The Nereid Avenue station ( ; formerly East 238th Street station) is a local station on the IRT White Plains Road Line of the New York City Subway, located at the intersection of Nereid Avenue (East 238th Street) and White Plains Road in the Bronx. It is served by the 2 train at all times and by the 5 train during rush hours in the peak direction. Nereid Avenue is the northern terminal for all peak-direction rush-hour 5 trains that use this branch. However, all 2 trains terminate at the next stop, Wakefield–241st Street.

History
This station was built under the Dual Contracts. On March 3, 1917, IRT White Plains Road Line was extended from East 177th Street–East Tremont Avenue to East 219th Street–White Plains Road, providing the Bronx communities of Williamsbridge and Wakefield with access to rapid transit service. Service was initially operated as a four-car shuttle from 177th Street due to the power conditions at the time. An extension to 238th Street, including the  and  stations, finally opened on March 31, 1917. On July 18, 1917, at the request of local residents near the station, the New York Public Service Commission changed the name of the station from Nereid Avenue to East 238th Street.
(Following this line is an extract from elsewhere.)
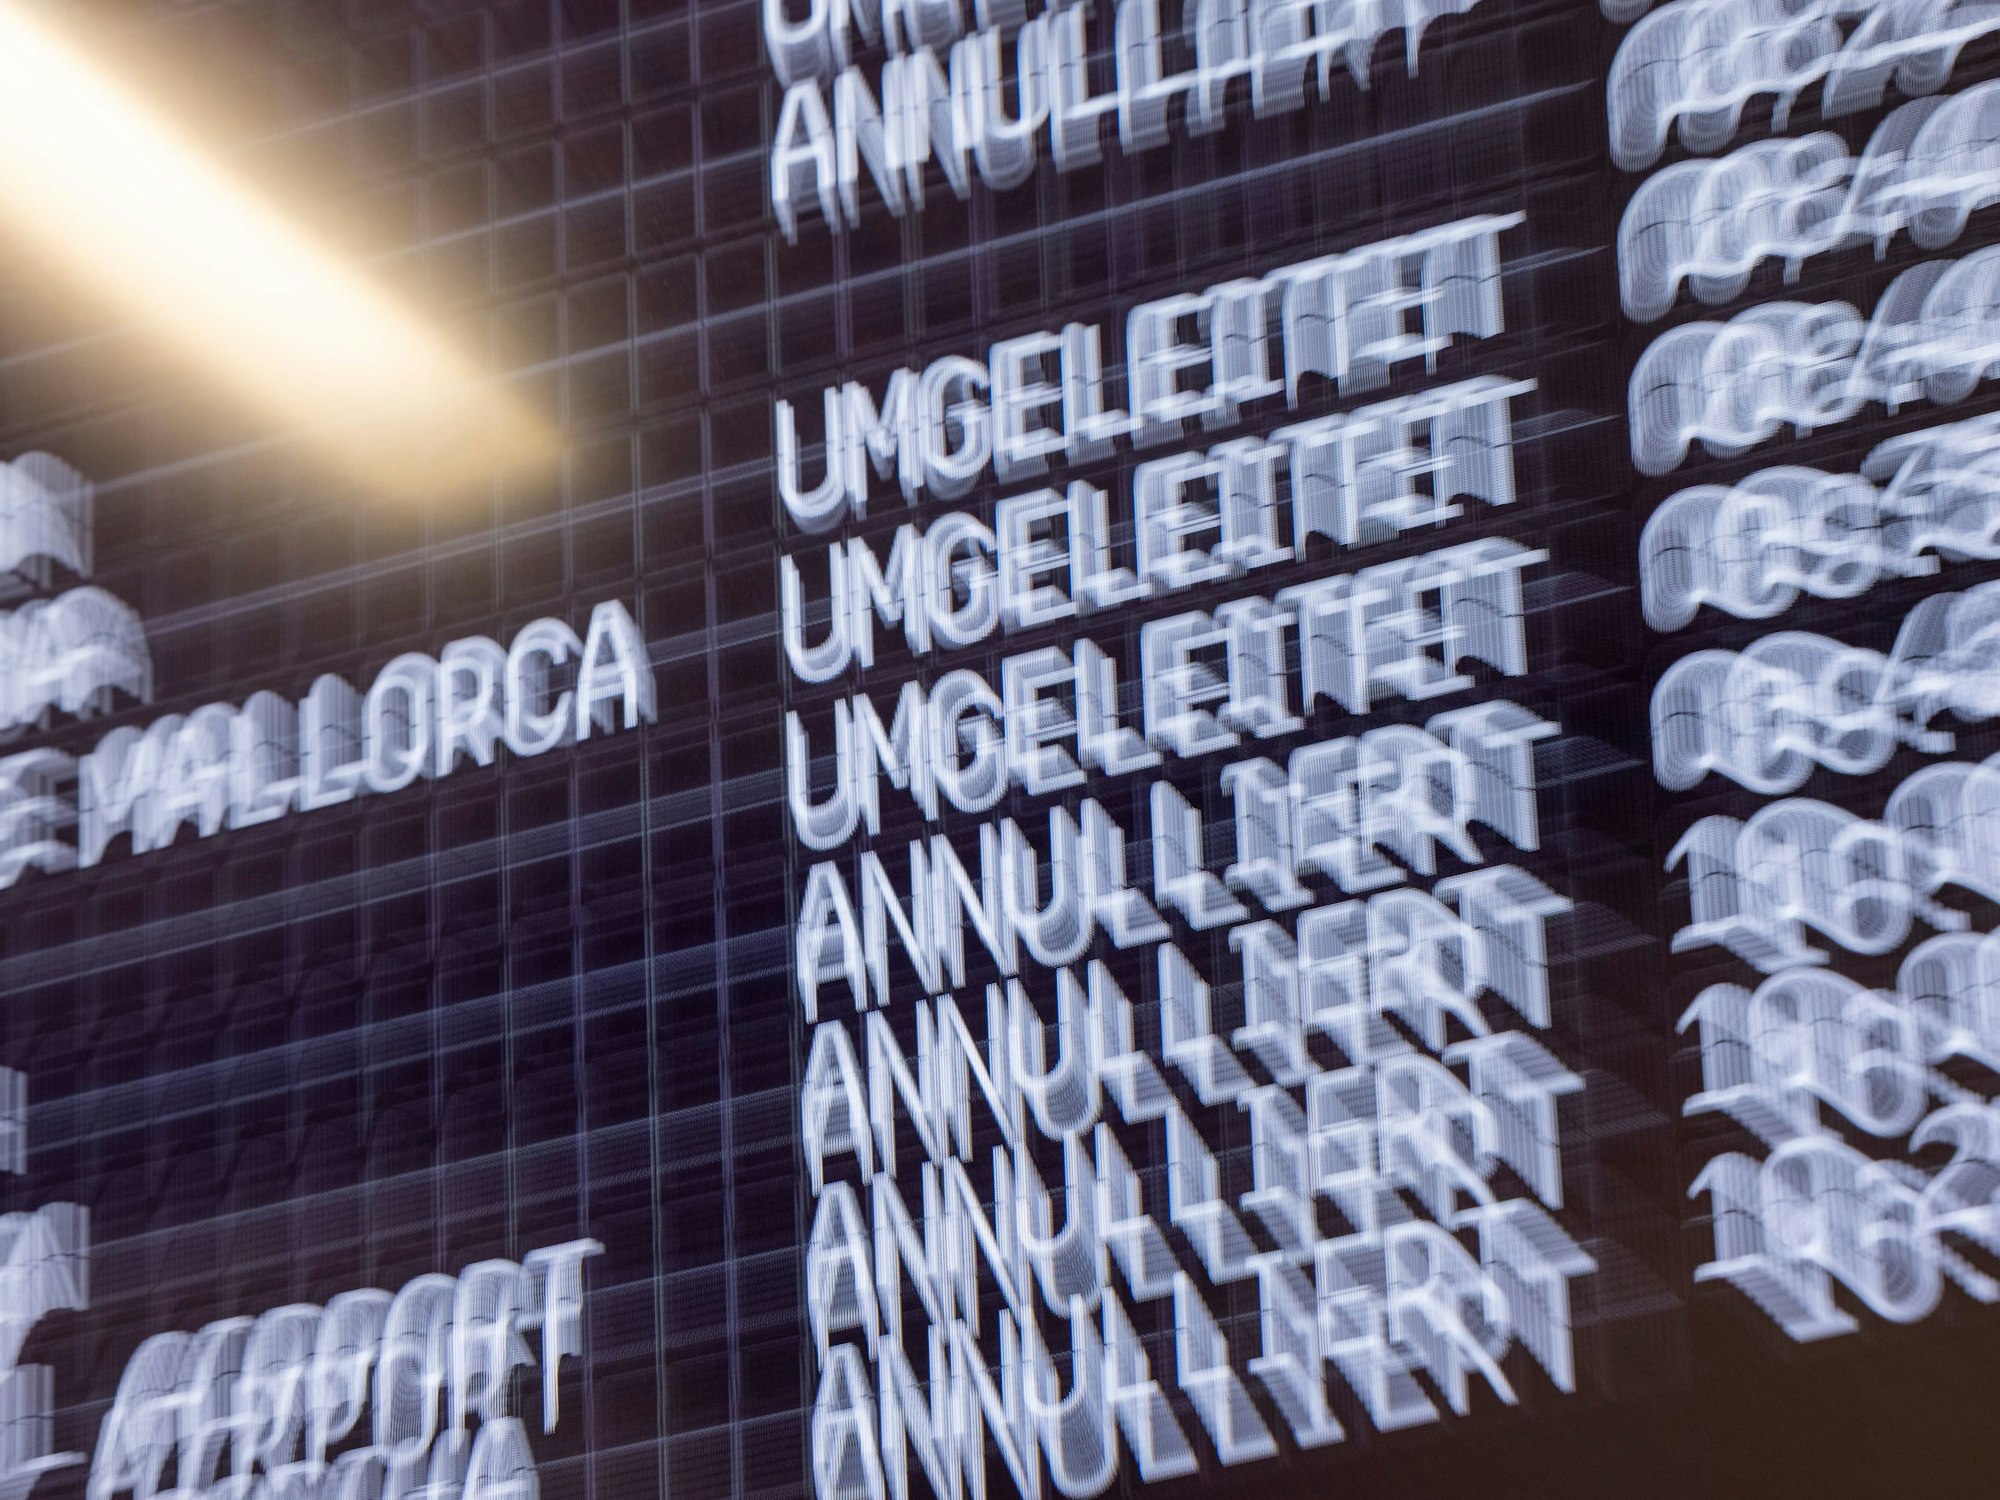 Ein Anzeigendisplay im Flughafen Köln/Bonn informiert über die annullierten oder umgeleiteten Flüge.
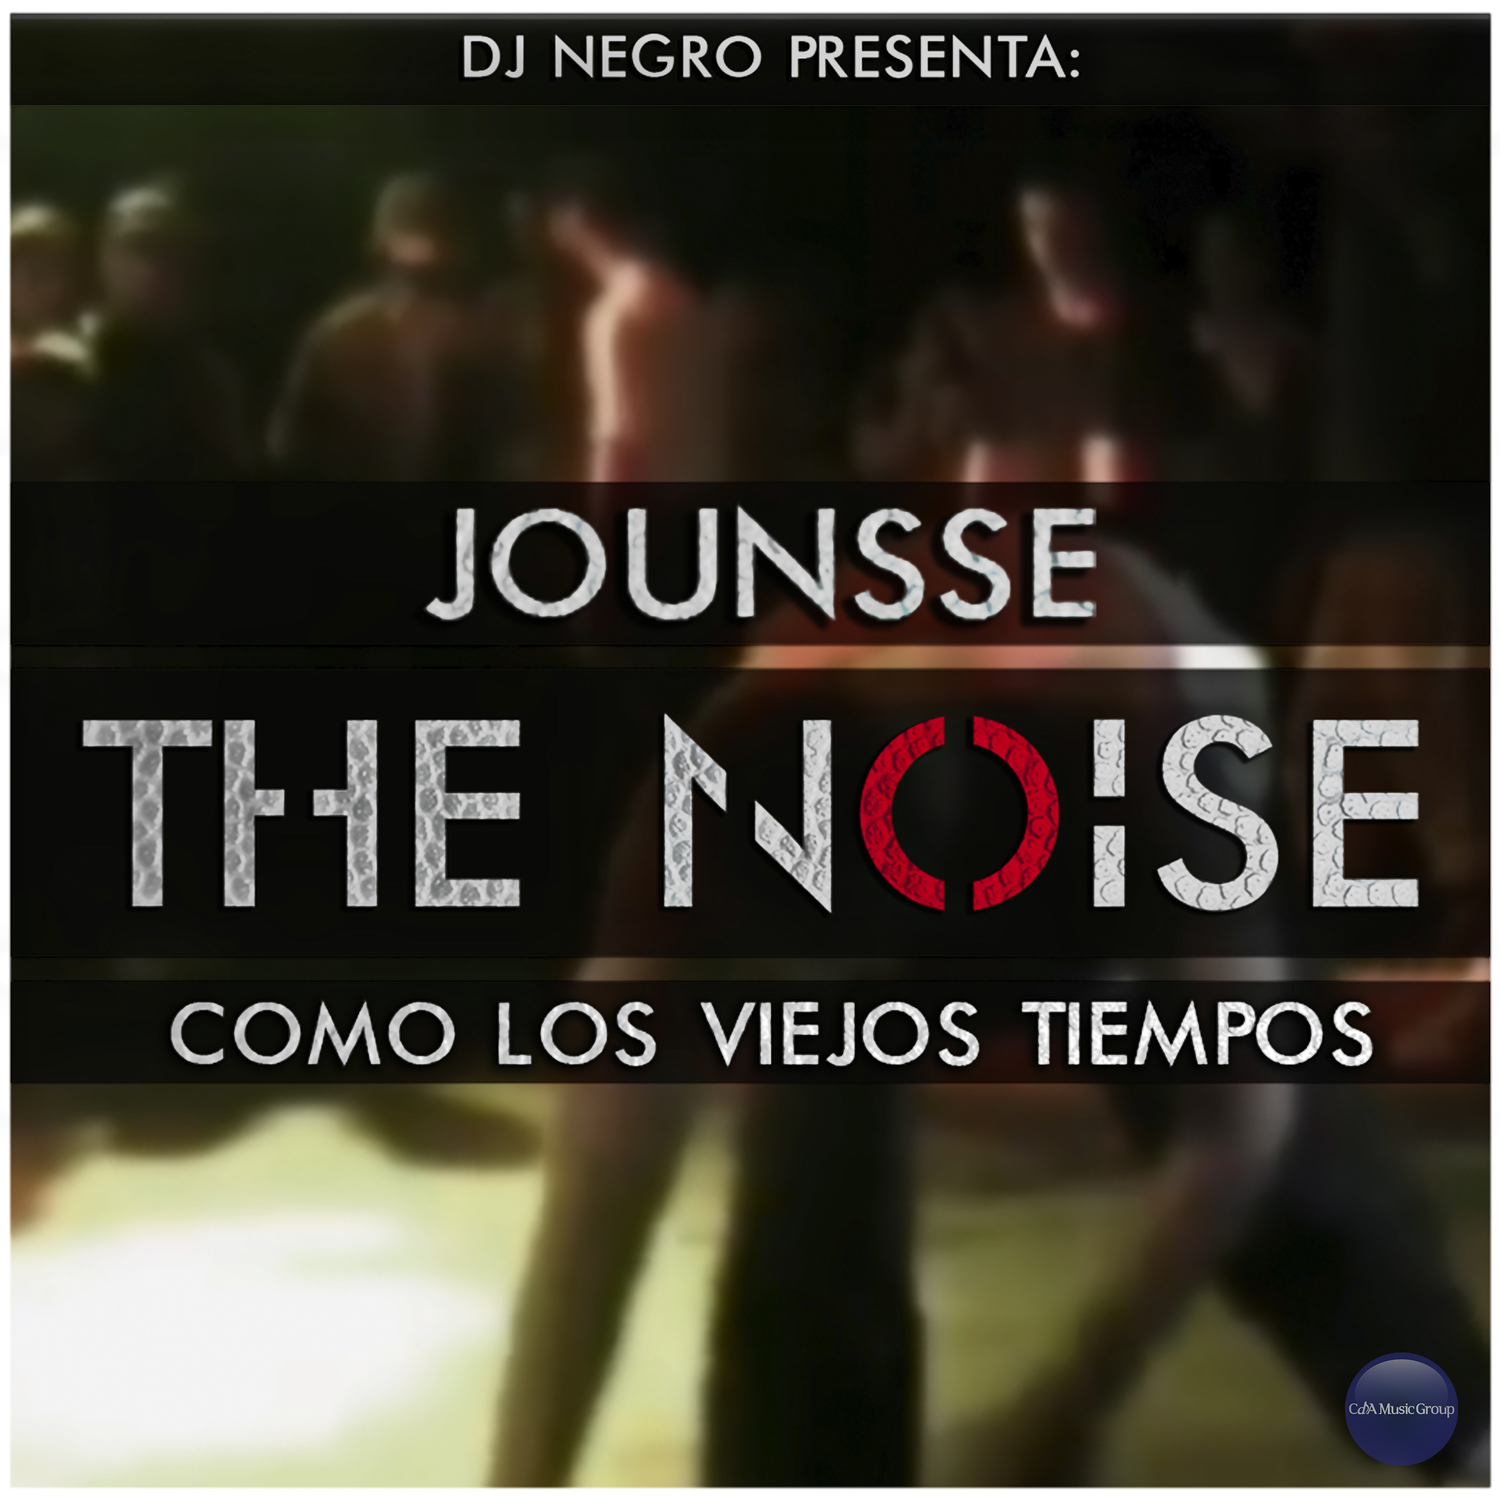 DJ Negro Presenta "Como los Viejos Tiempos" (Feat. Jounsse)

On December 13, 1920, the final portion of the line opened, extending the line from its previous terminal at 238th Street to the line's permanent terminus at 241st Street. This portion of the line had its opening delayed, owing to construction on the line between the two stations for the construction of the 239th Street Yard to the north of 238th Street. Additional time was required to modify the structure to avoid a grade crossing at the entrance to the yard. The city government took over the IRT's operations on June 12, 1940.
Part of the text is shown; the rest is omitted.